• ASSIGNED TASK
Only the lines below between the one holding "English Art Deco" and the one holding "Australia won the", inclusive, are to be reproduced word for word; the pictures are to be left out.

··· MATERIALS PROVIDED

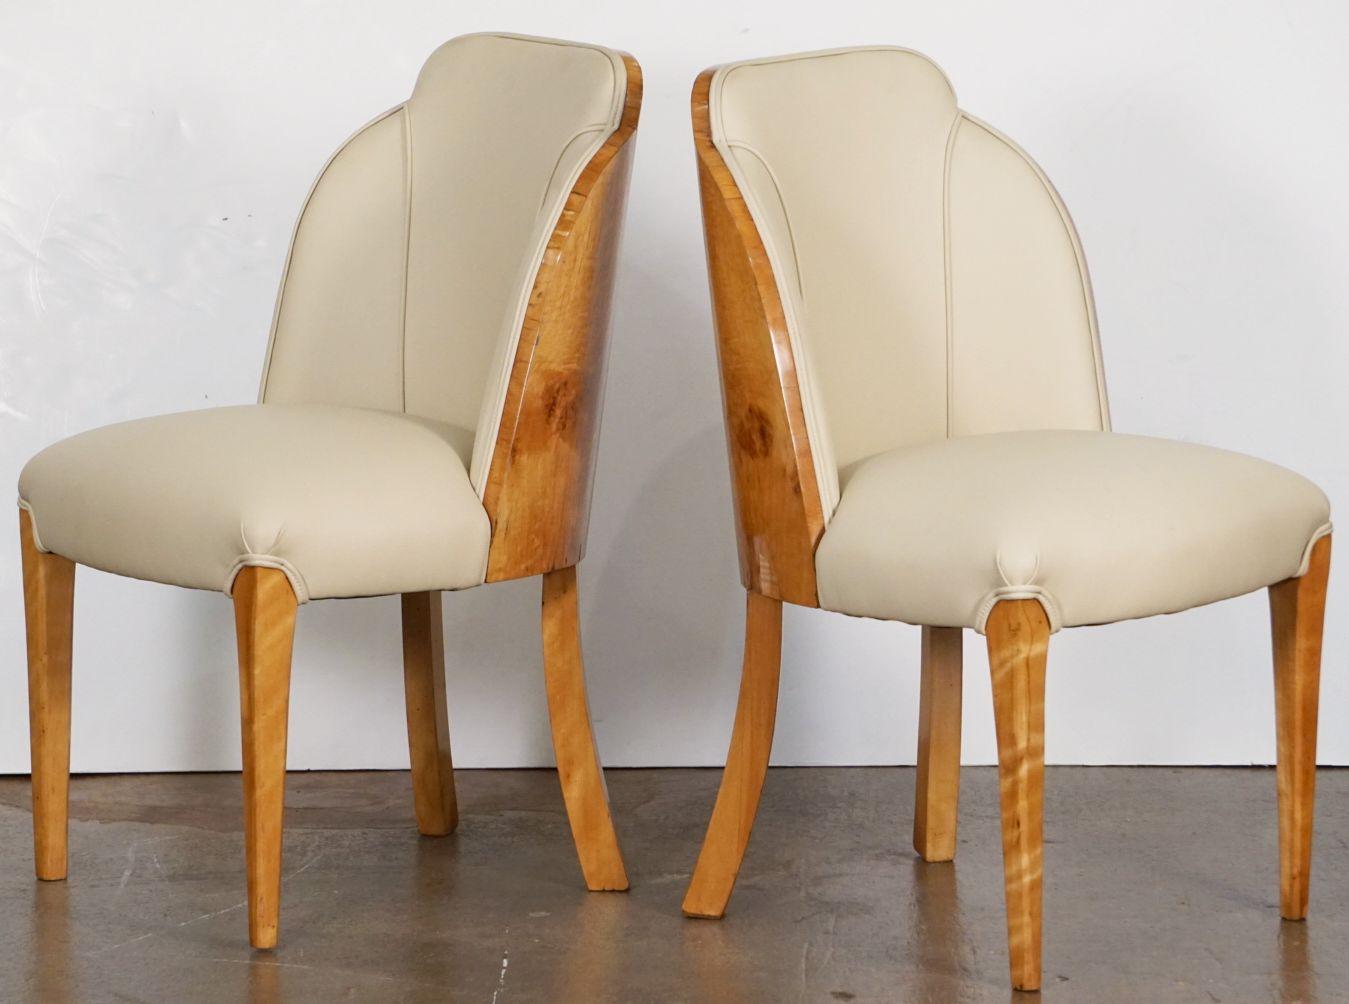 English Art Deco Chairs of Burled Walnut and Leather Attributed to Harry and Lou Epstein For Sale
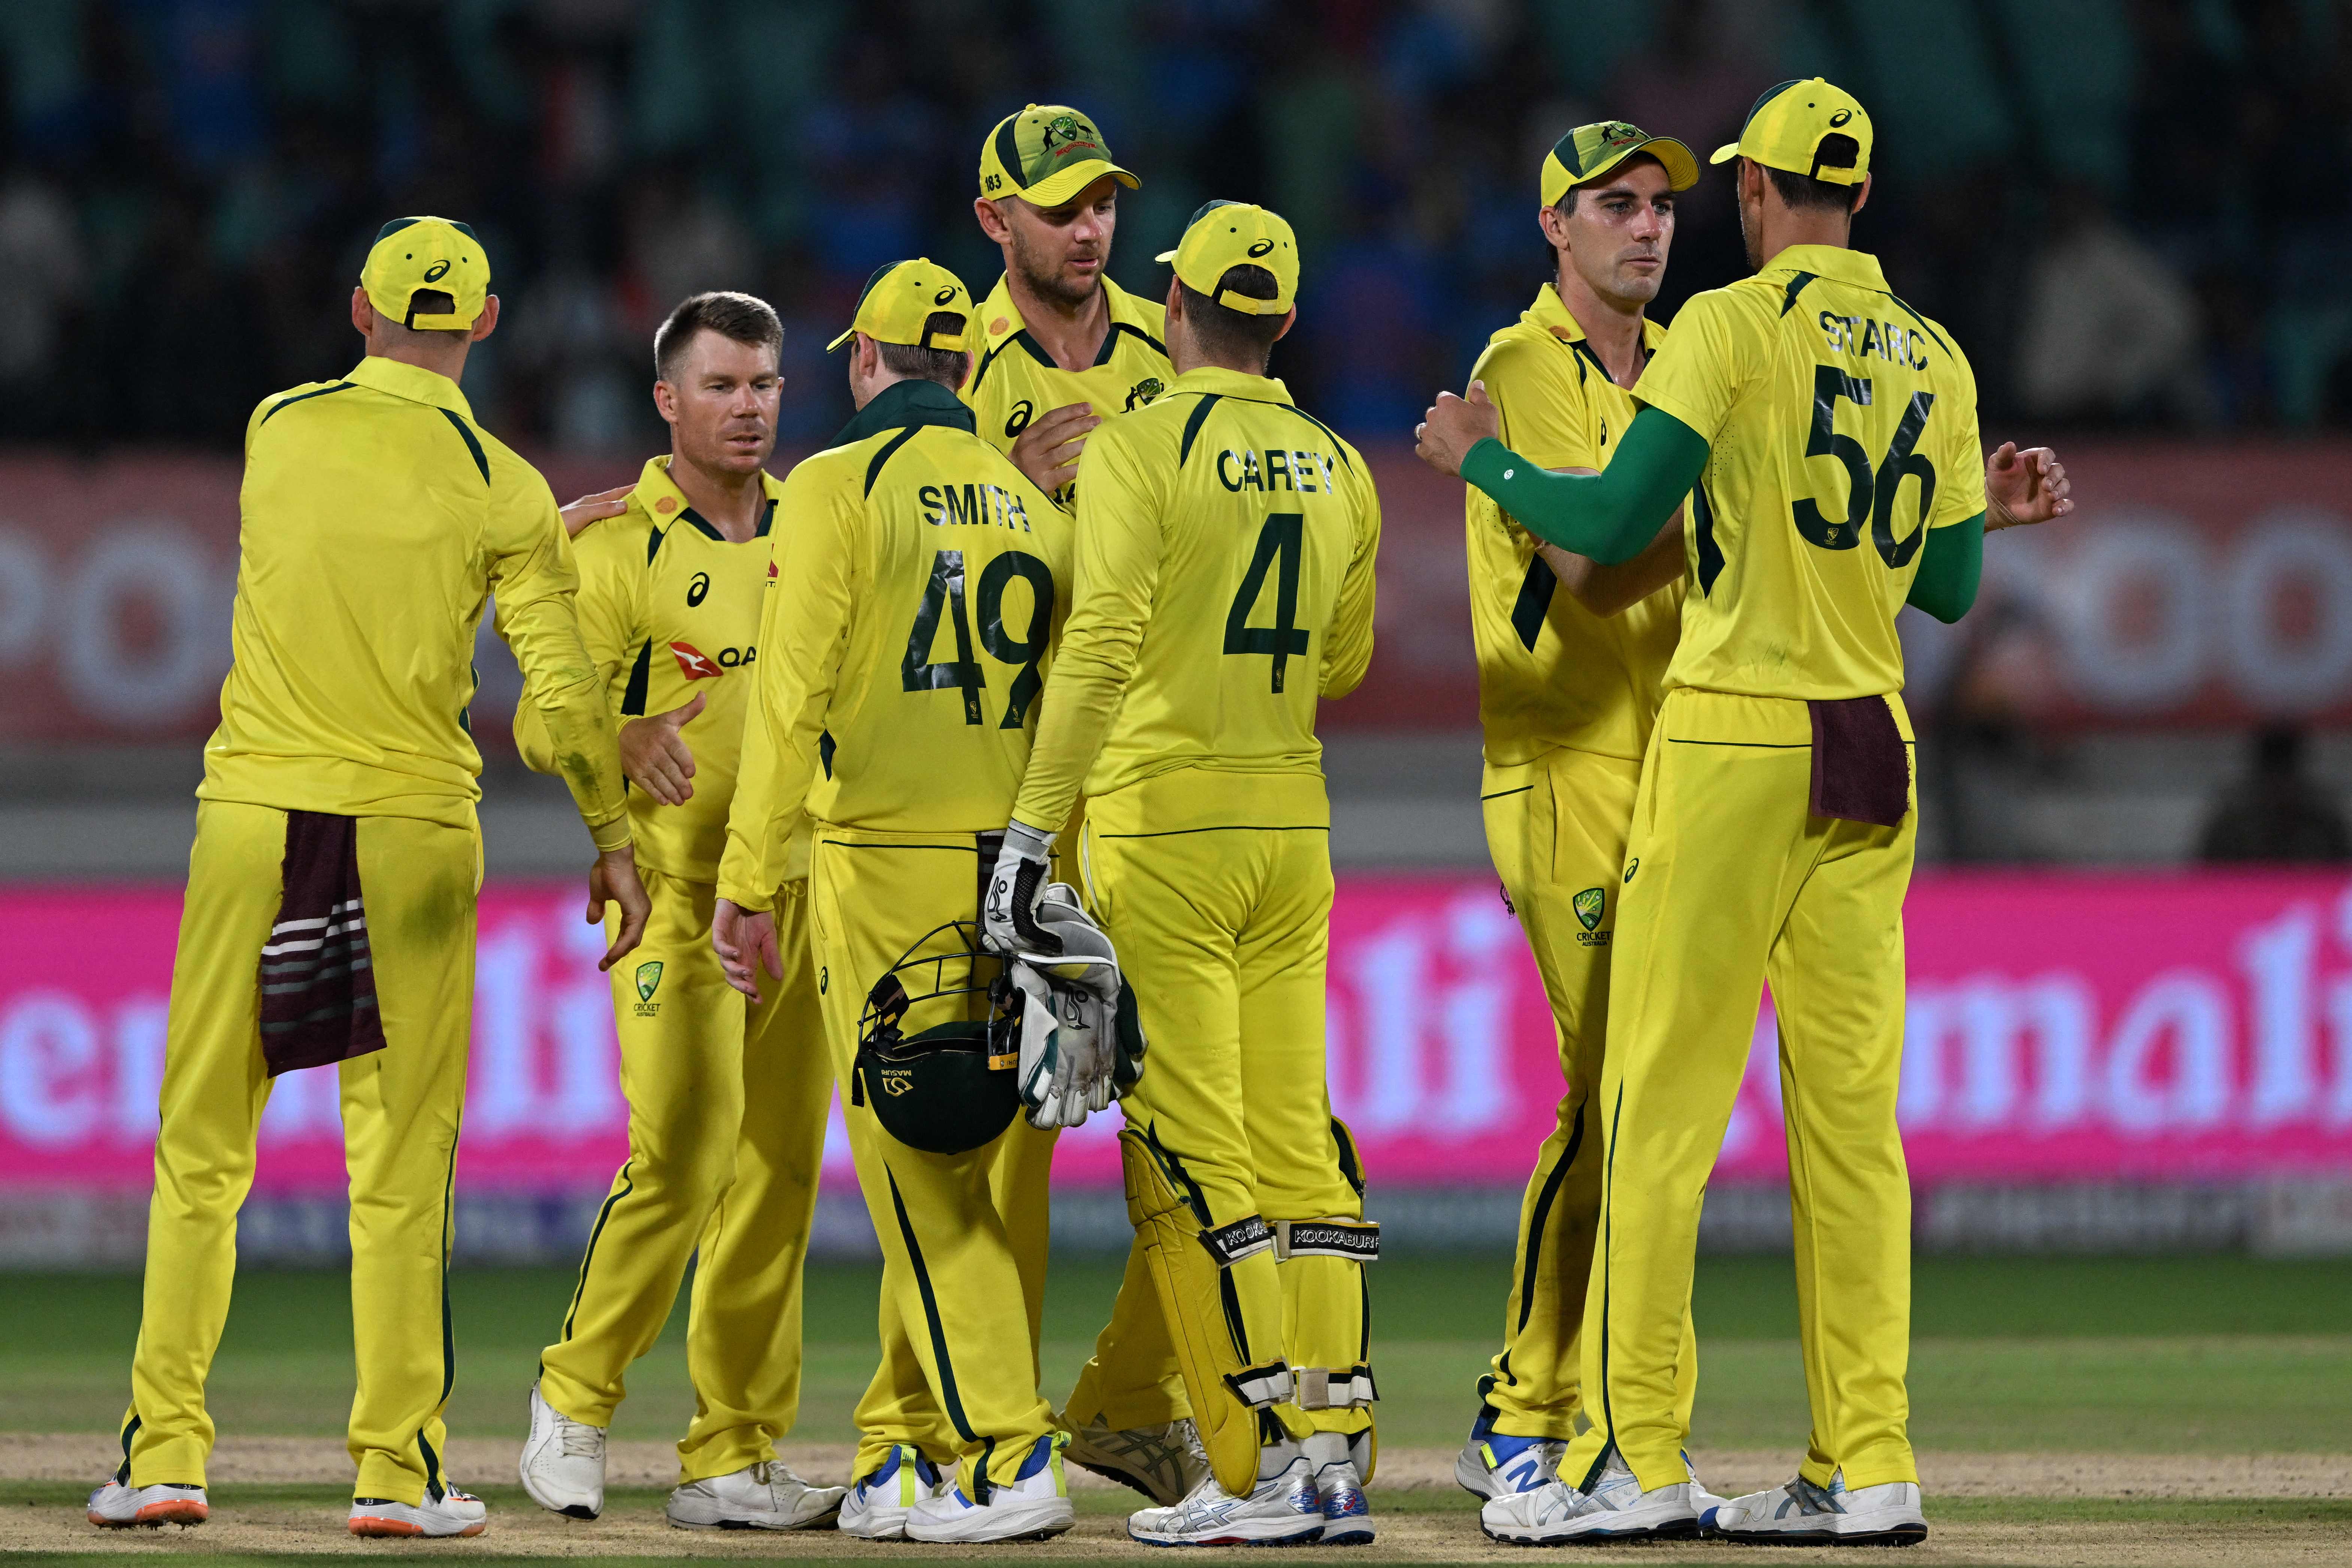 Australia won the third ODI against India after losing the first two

······
··· MATERIALS PROVIDED

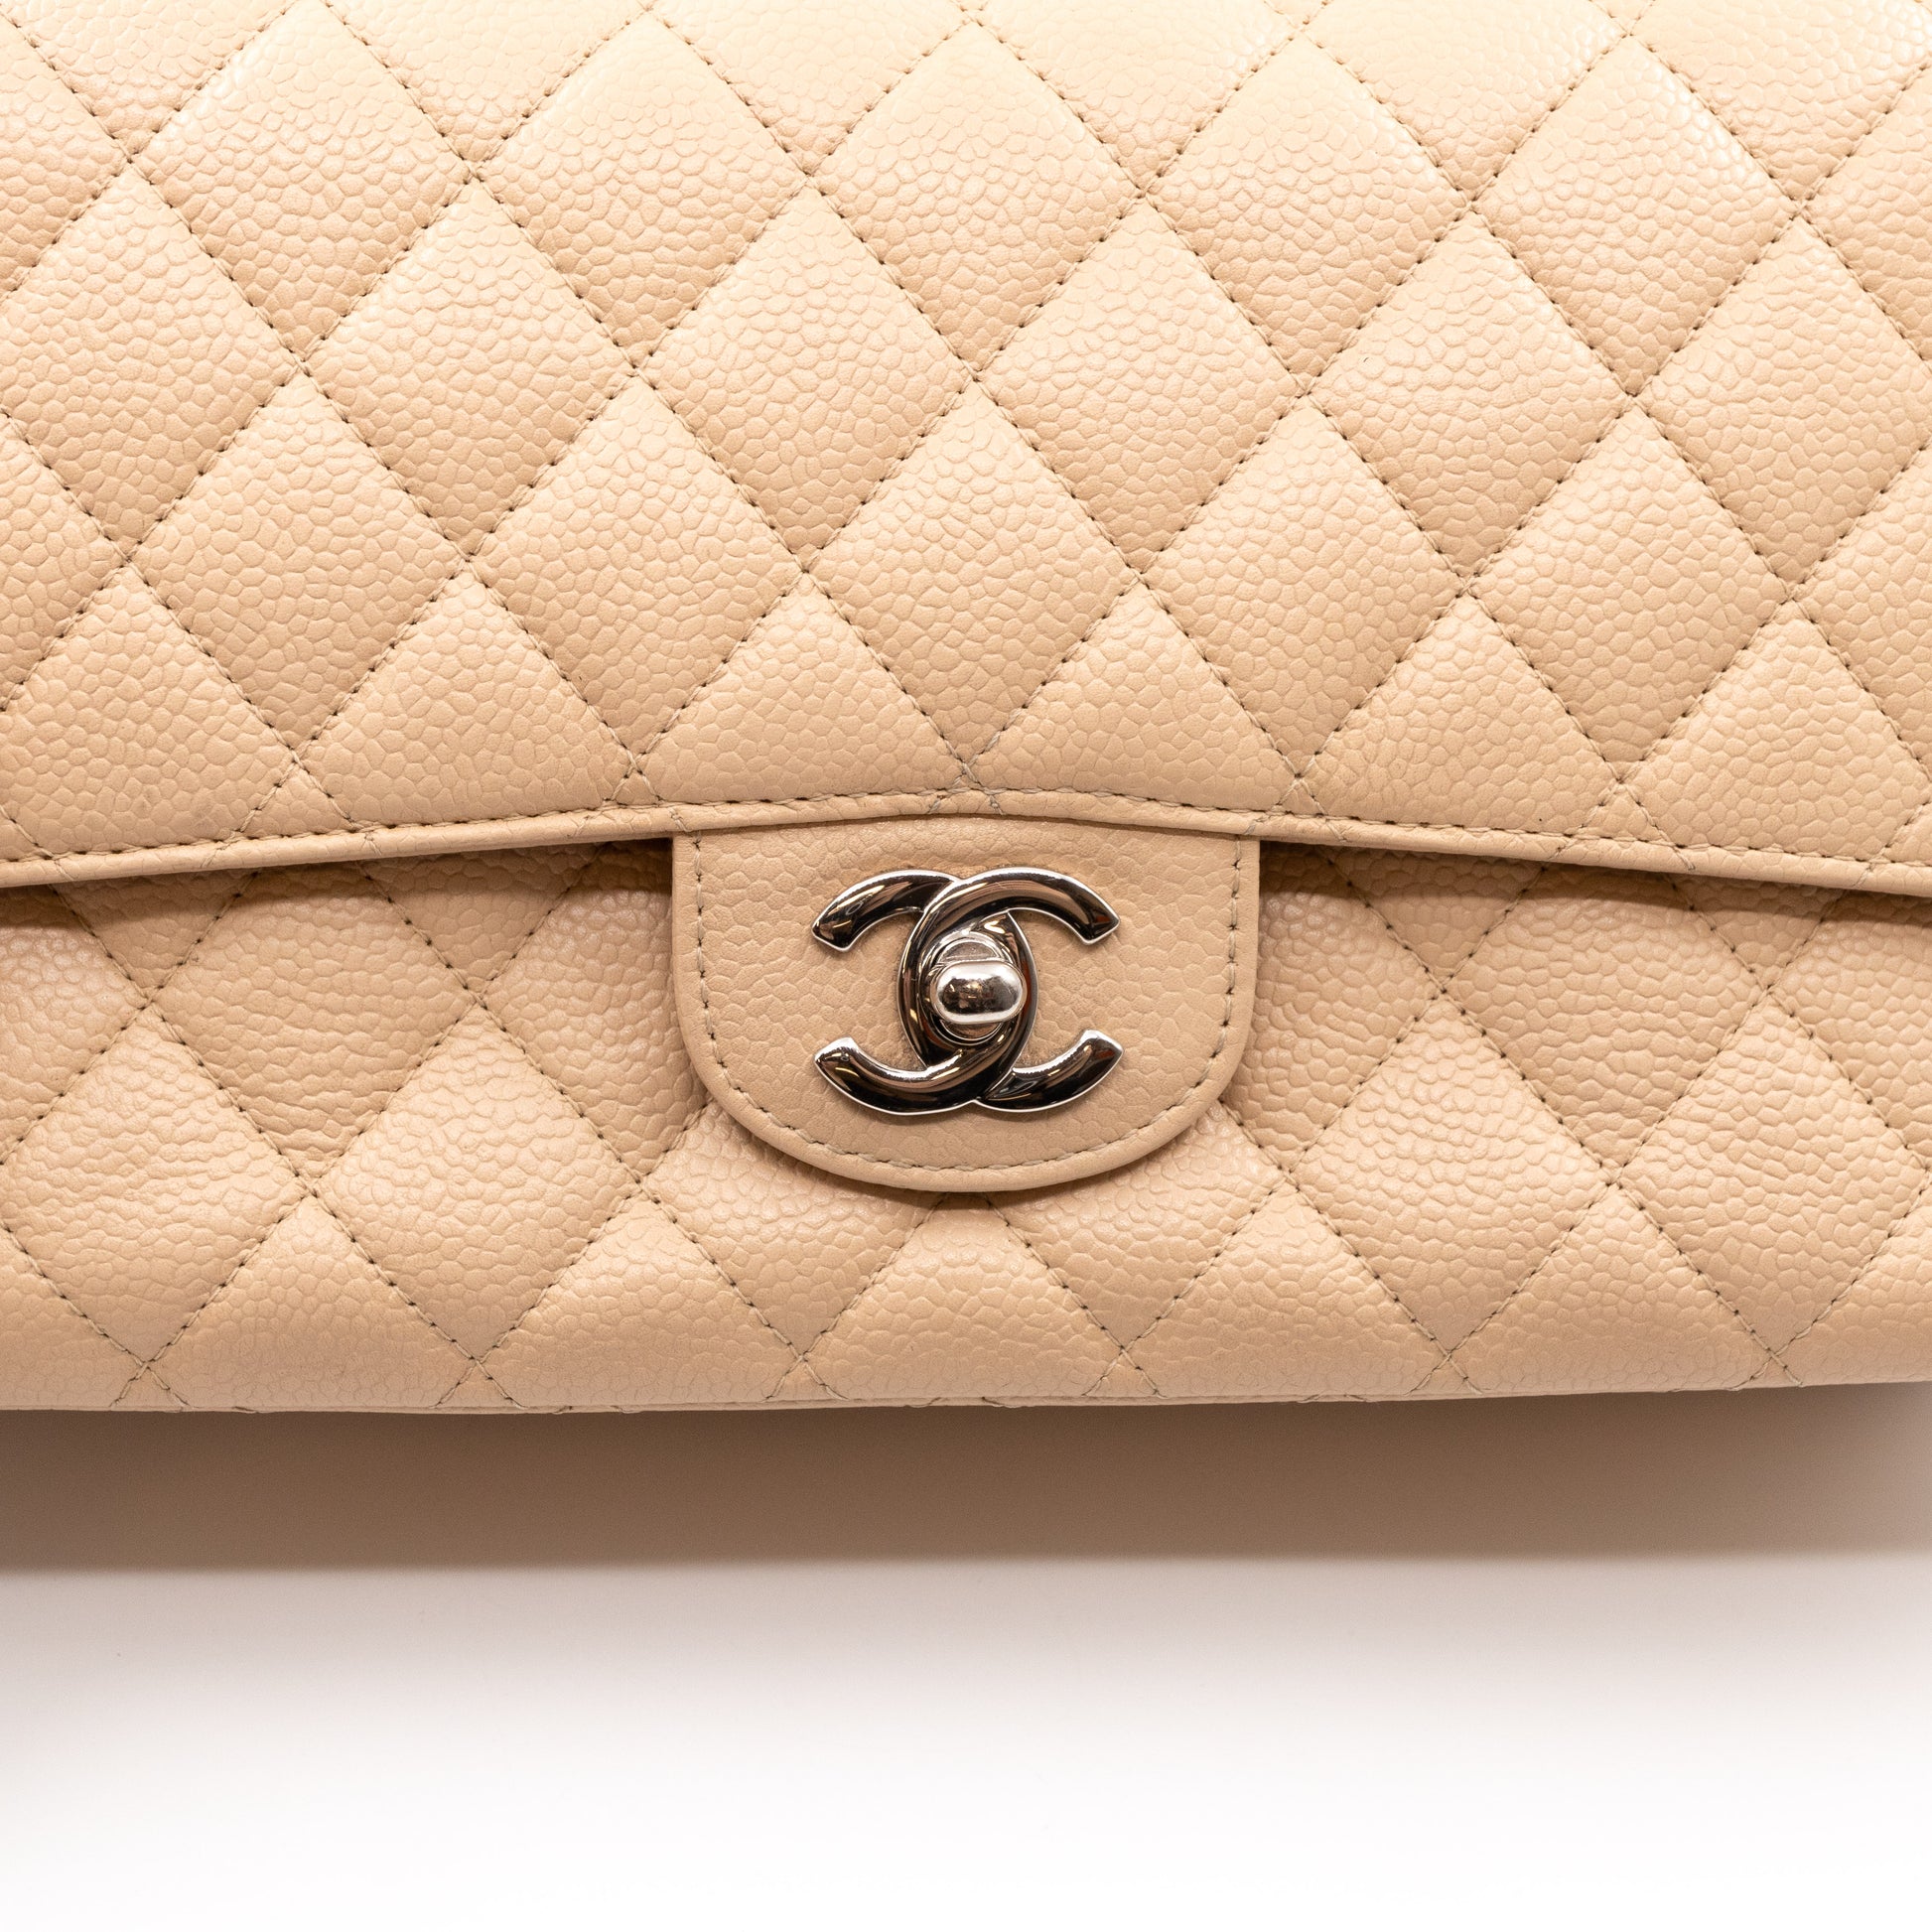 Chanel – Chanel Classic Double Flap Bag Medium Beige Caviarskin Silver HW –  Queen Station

······

• RESULT OF THE EXERCISE
 English Art Deco Chairs of Burled Walnut and Leather Attributed to Harry and Lou Epstein For Sale
 Australia won the third ODI against India after losing the first two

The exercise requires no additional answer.